My take-away from that session was that you COULD graph anything anyway with GTL. Whether it was worth the effort or not is another story.

This brings me to “semi-programming” which is a term I just made up. (Not to be confused with semi-infinite programming, which is actually a thing, or quasi-programming, which is what I was going to call it until I found out that was another actual thing.)

Semi-programming is when it is simpler to program half the solution and do the other half some other way.

SEMI-PROGRAMMING EXAMPLE #1

Let’s say your boss wanted you to create a bubble plot of the relative sizes of all the 14 most popular animal species in the Santa Barbara Zoo and have the bubble size be relative to the mean weight of animals of that species. I’m sure you could do something with SAS or some other program with a gazillion programming statements to draw capybaras and parrots and other species on your chart. Or, you could do the bubble plot, find the 14 animal species photos on wikipedia, paste them on to the plot, dragging each photo to be the right size to just fit over that bubble.
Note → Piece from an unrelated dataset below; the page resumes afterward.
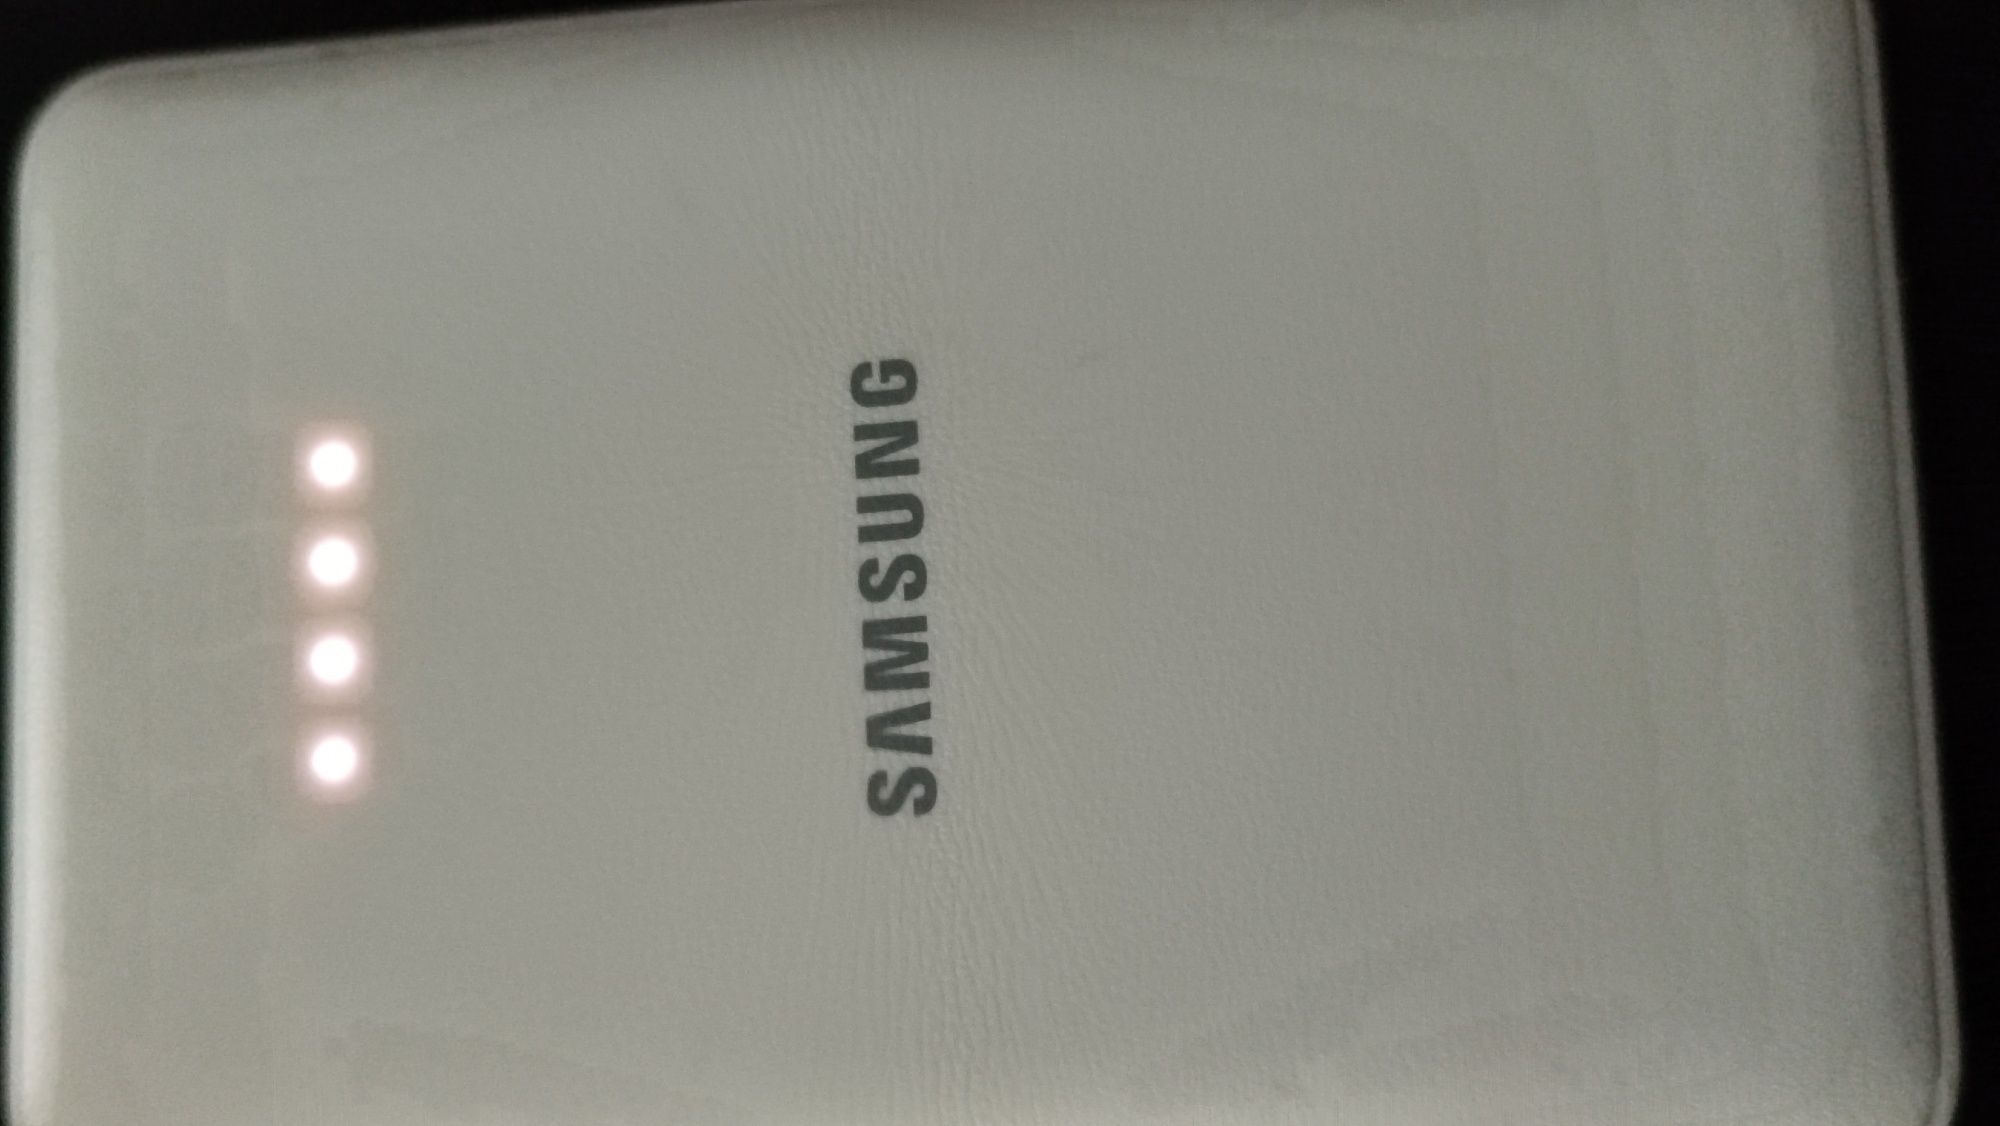 70 lei Baterie externa Samsung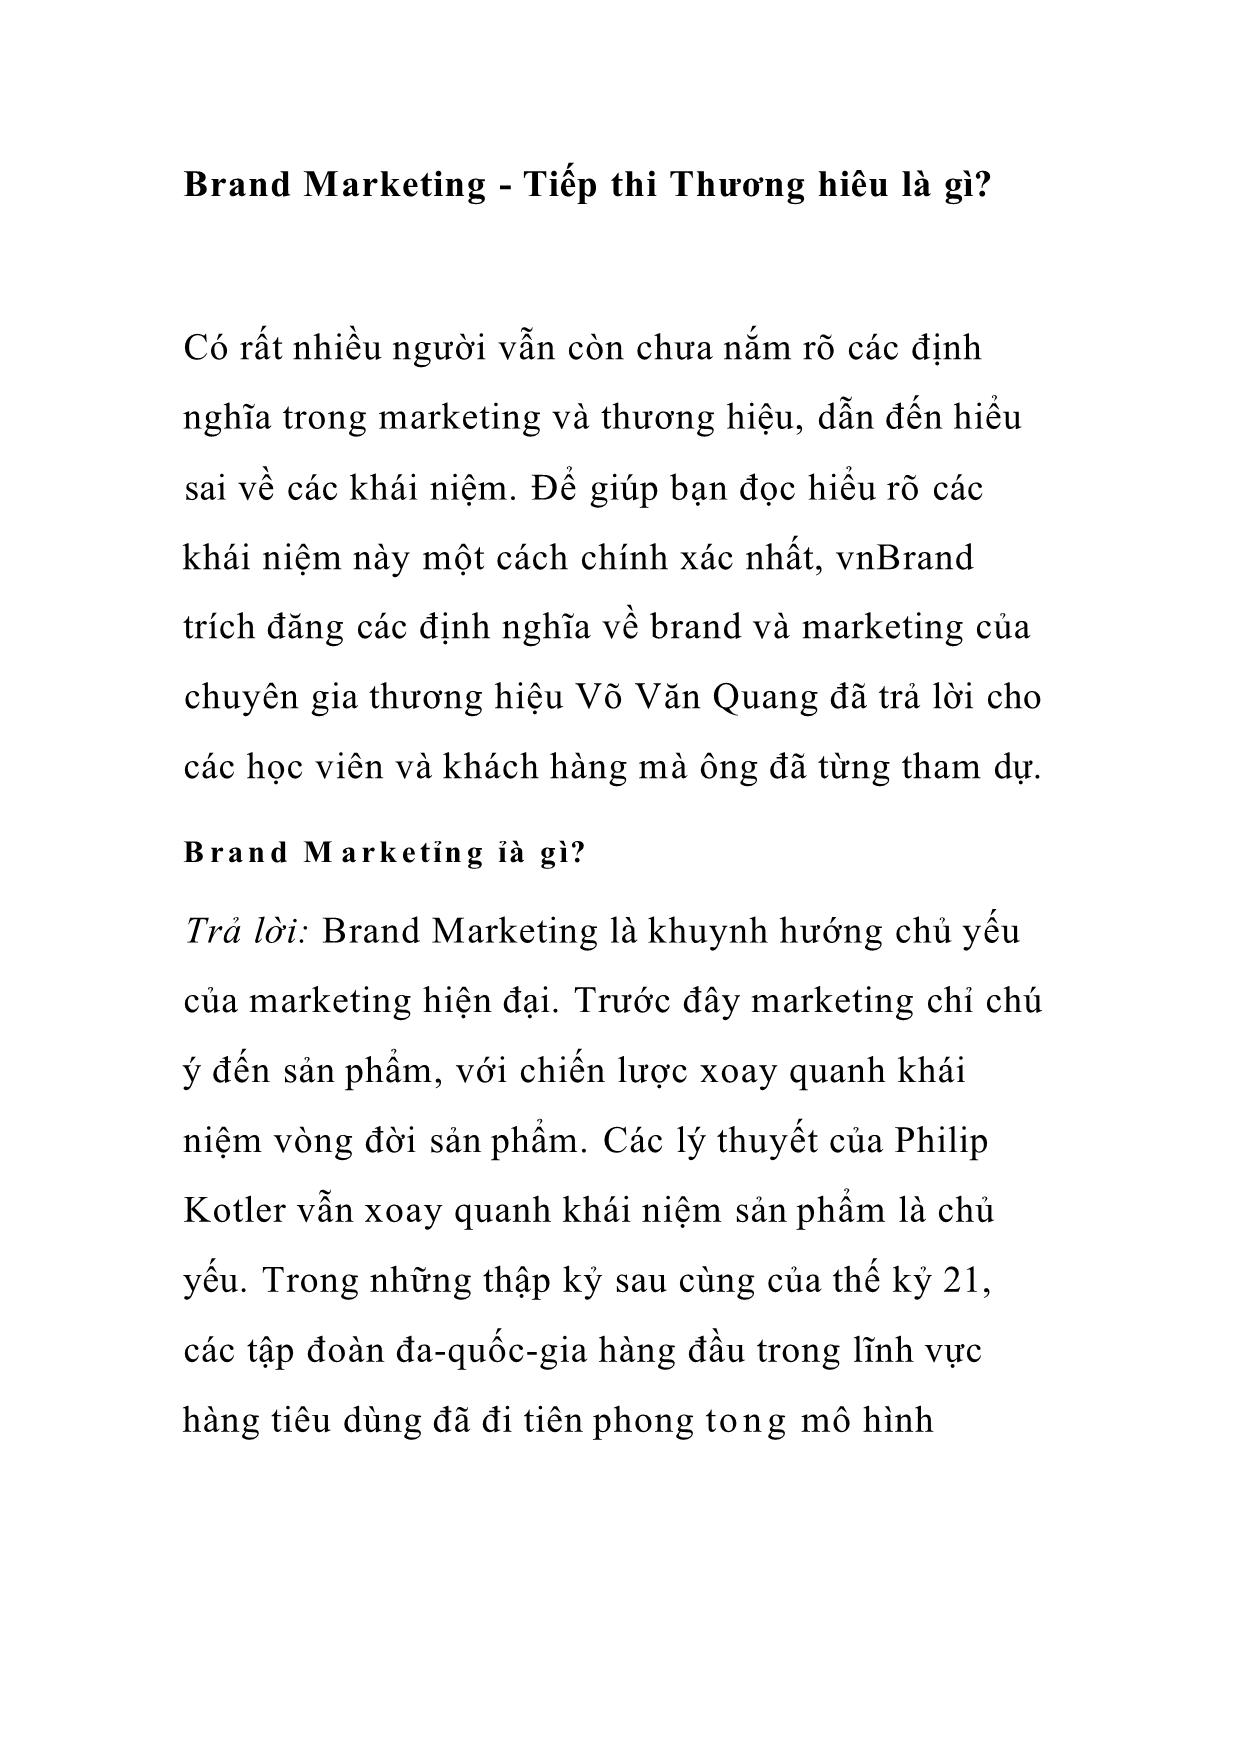 Brand Marketing - Tiếp thị Thương hiệu là gì trang 1

You could probably do the whole thing with three statements, a few minutes on google and some copying and pasting and be done in half an hour.

Spare me the question,

“What if you have to do it again?”

My initial reaction is, then you quit because your boss is an ass if she regularly asks you to do stuff like that. Seriously though, you could create a bunch with the semi-programming method in the time it would take you to do ONE purely programming.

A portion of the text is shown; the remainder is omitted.